• _REQUIRED ACTION_
Leave out every picture and set down, exactly, the lines below from the one holding "Pelican on the Gulf Coast Stock Photo" up to and including the one holding "Alberta Ferretti - Black".

• _RECORDS FOR PROCESSING_
=== Begin Enclosure ===

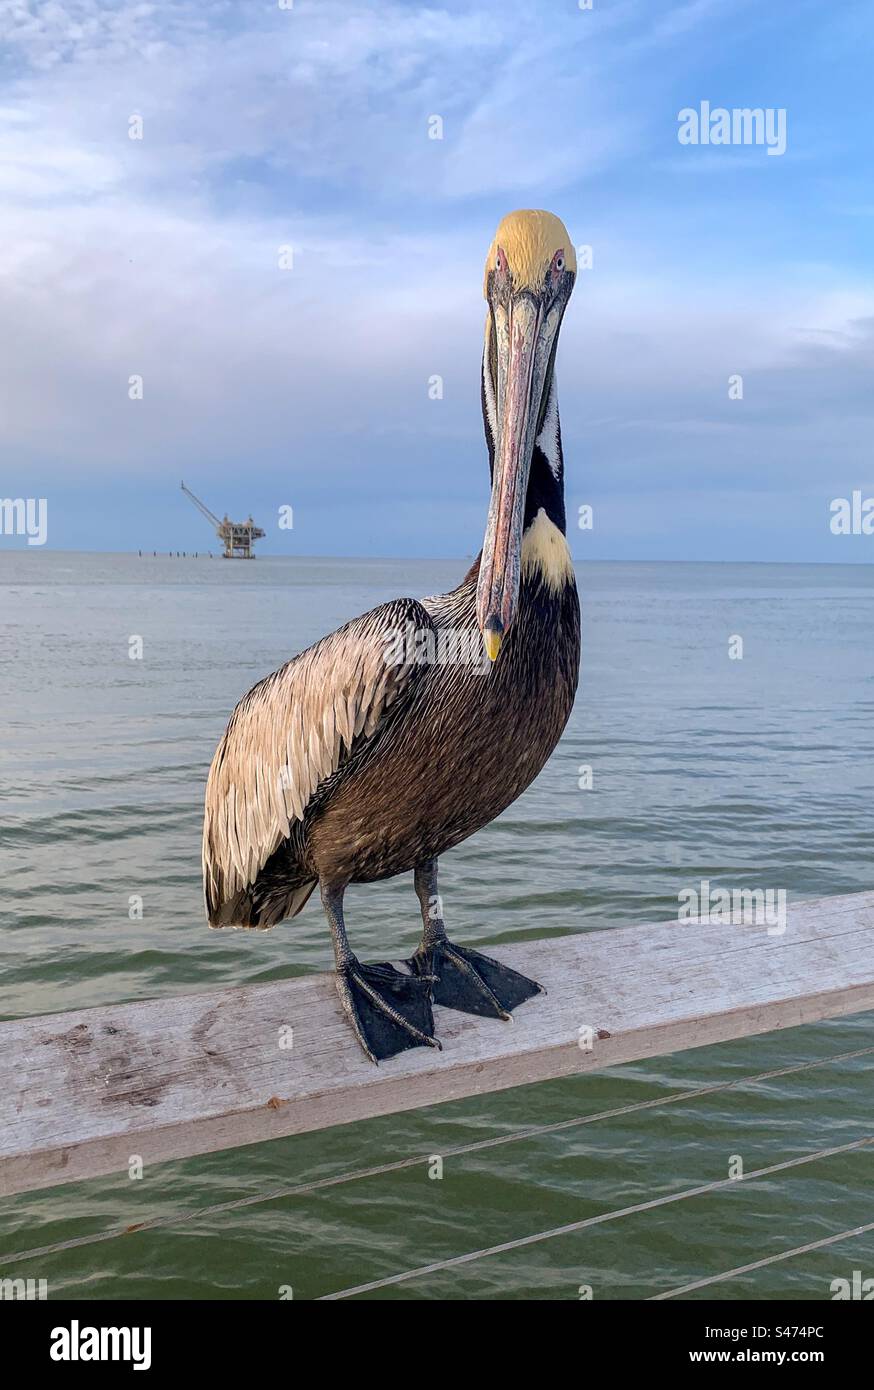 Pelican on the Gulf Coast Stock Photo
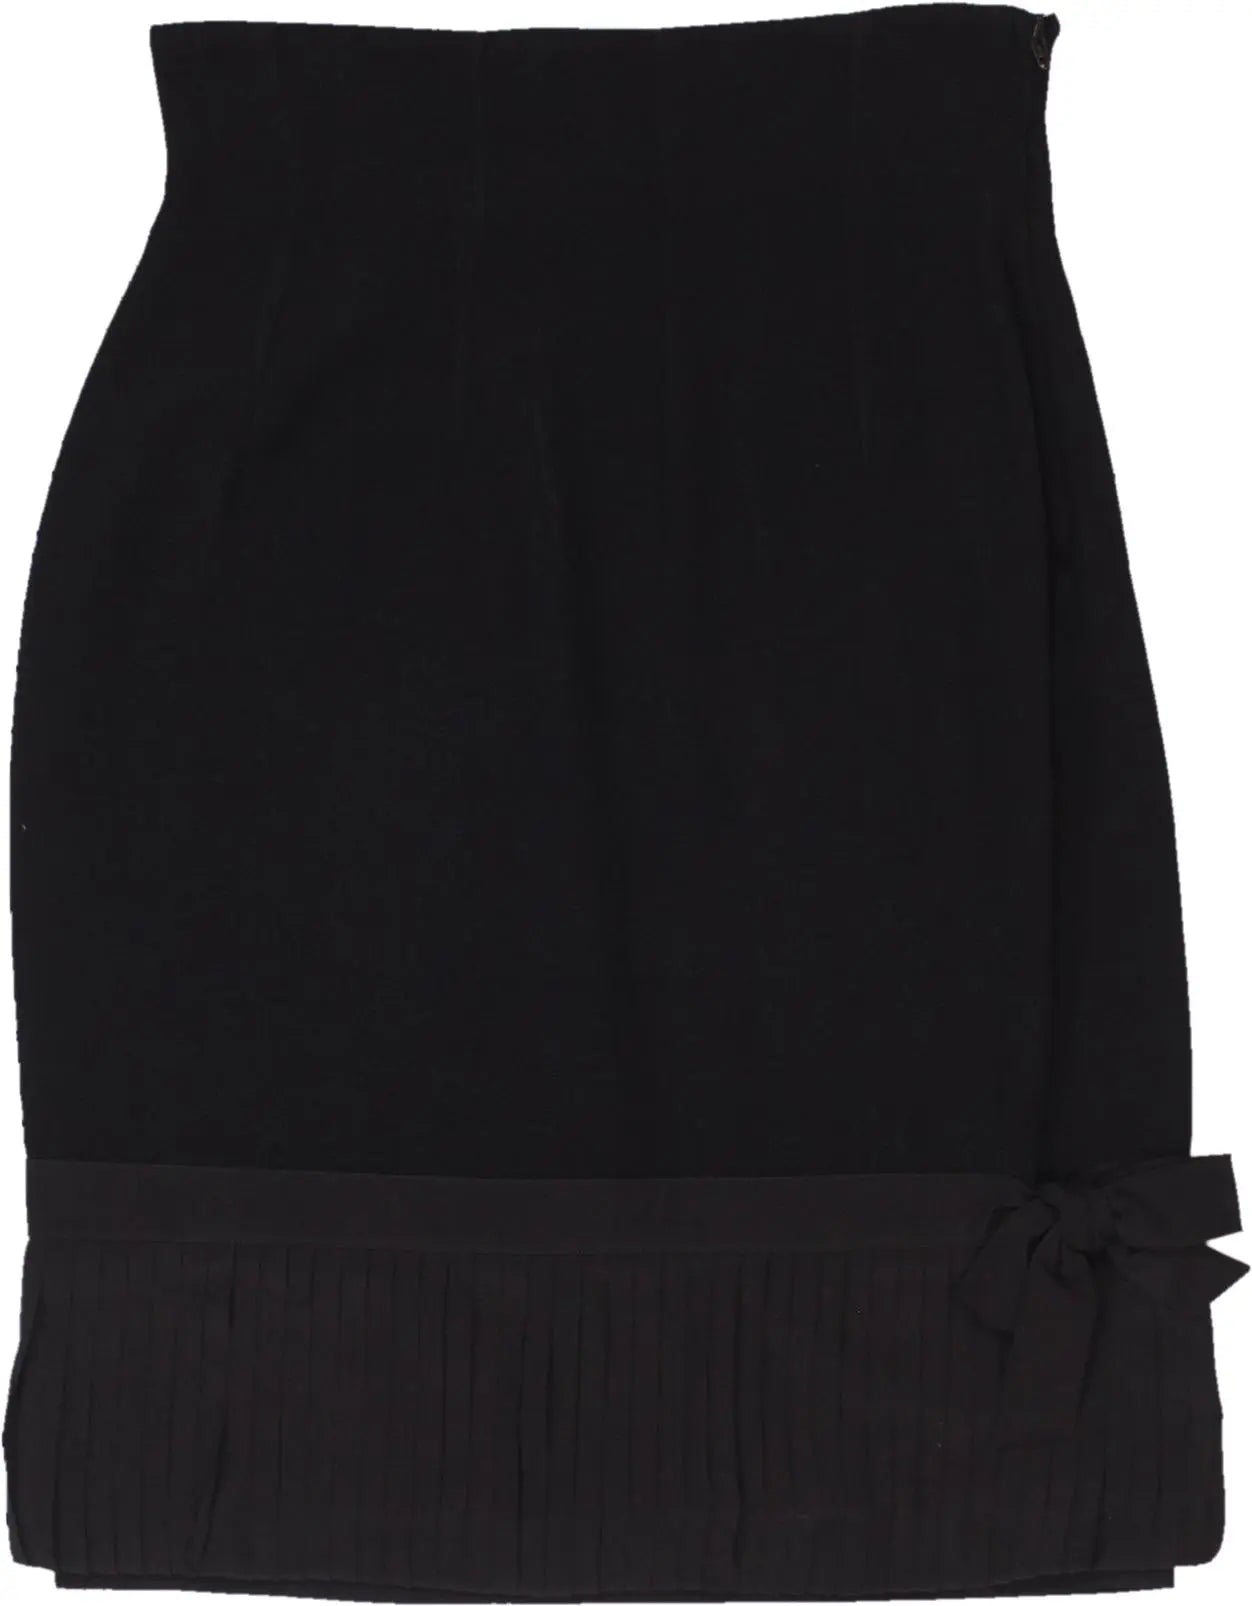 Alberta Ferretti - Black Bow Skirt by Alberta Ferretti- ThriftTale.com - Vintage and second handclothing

=== End Enclosure ===
=== Begin Enclosure ===

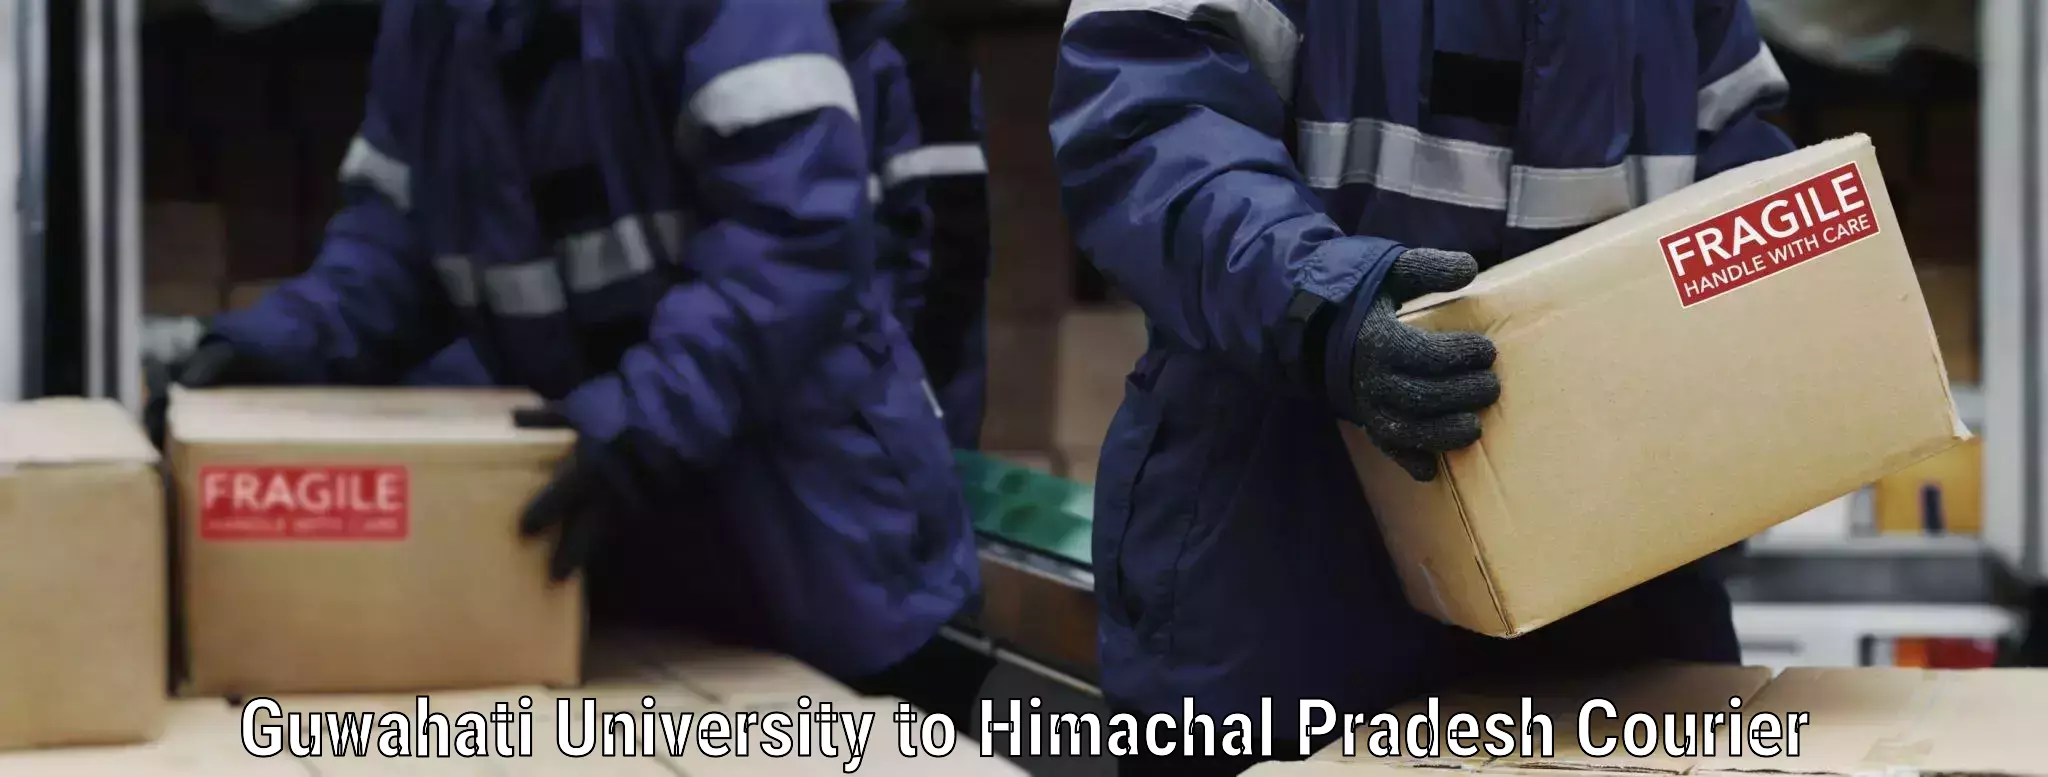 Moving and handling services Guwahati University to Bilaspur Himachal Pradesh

=== End Enclosure ===
=== Begin Enclosure ===

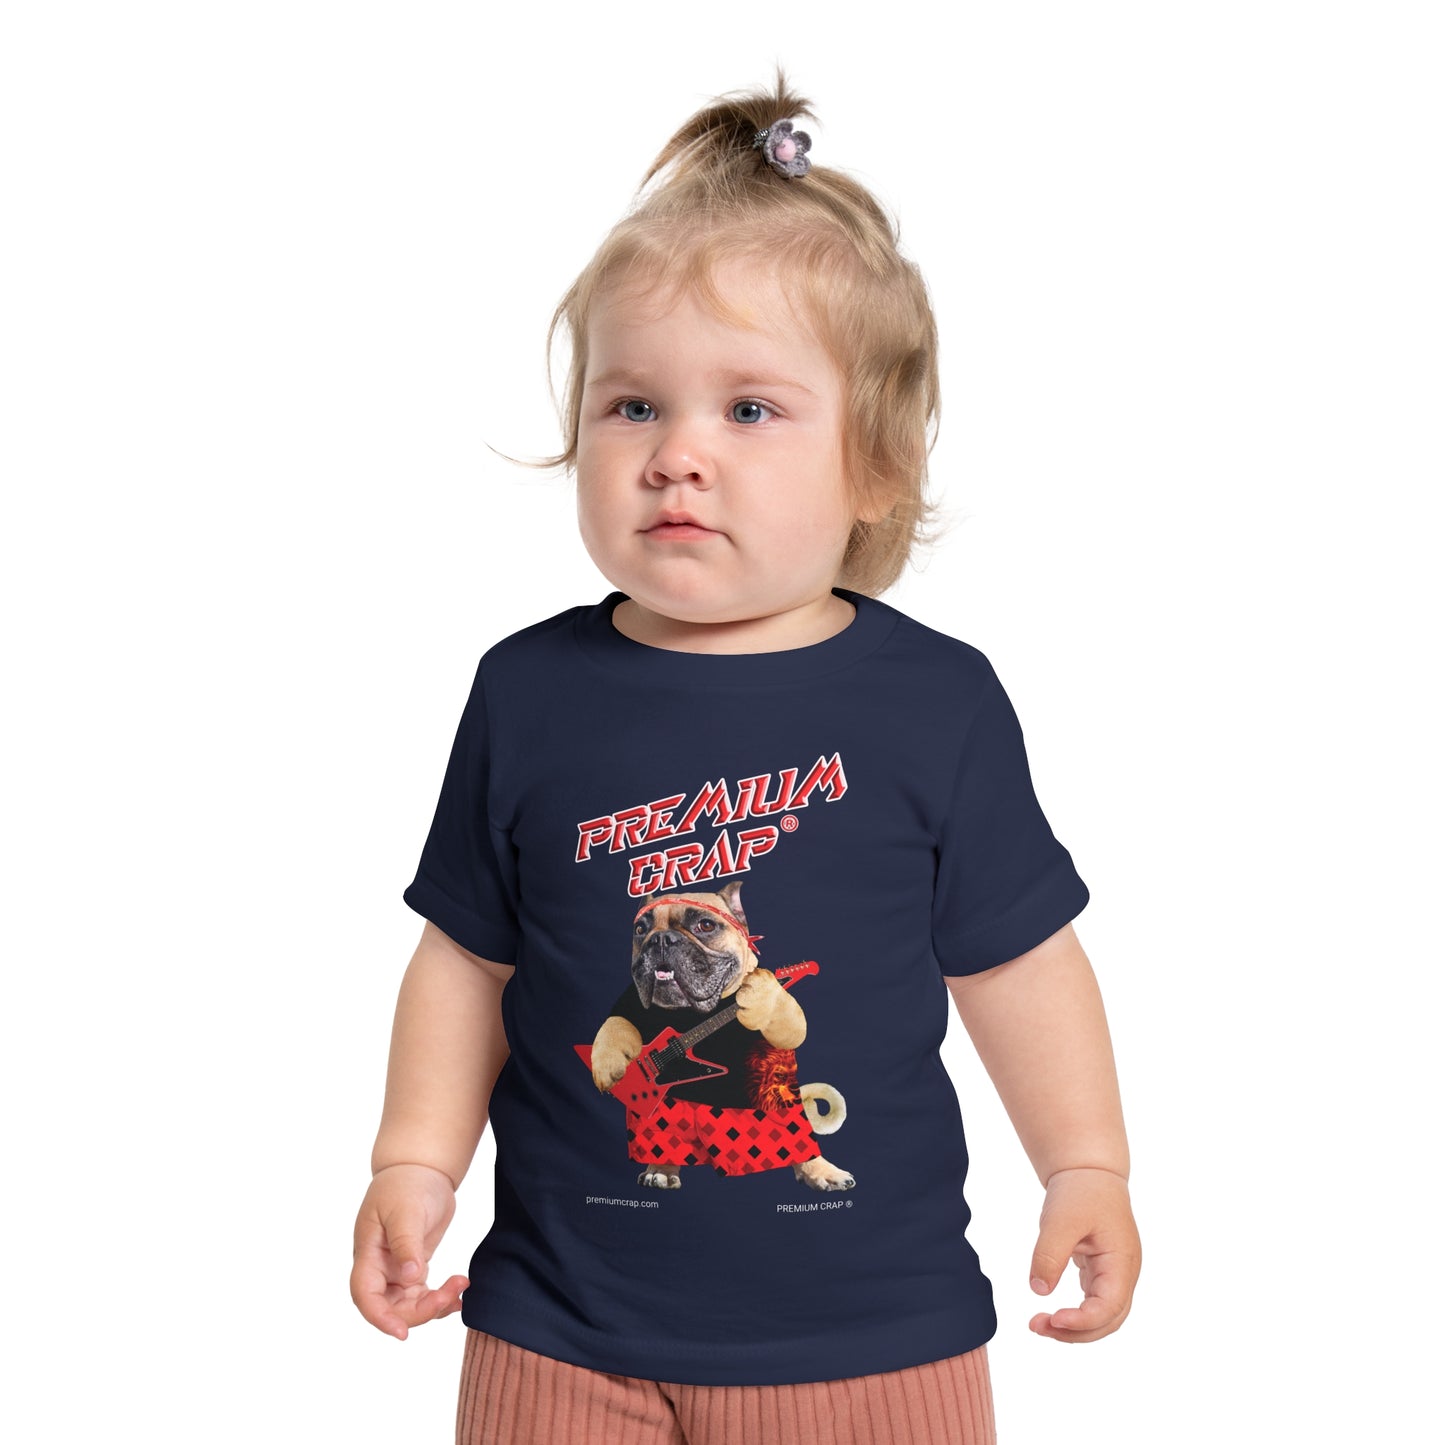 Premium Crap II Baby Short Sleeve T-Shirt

=== End Enclosure ===

• _SOLUTION_
 Pelican on the Gulf Coast Stock Photo
 Alberta Ferretti - Black Bow Skirt by Alberta Ferretti- ThriftTale.com - Vintage and second handclothing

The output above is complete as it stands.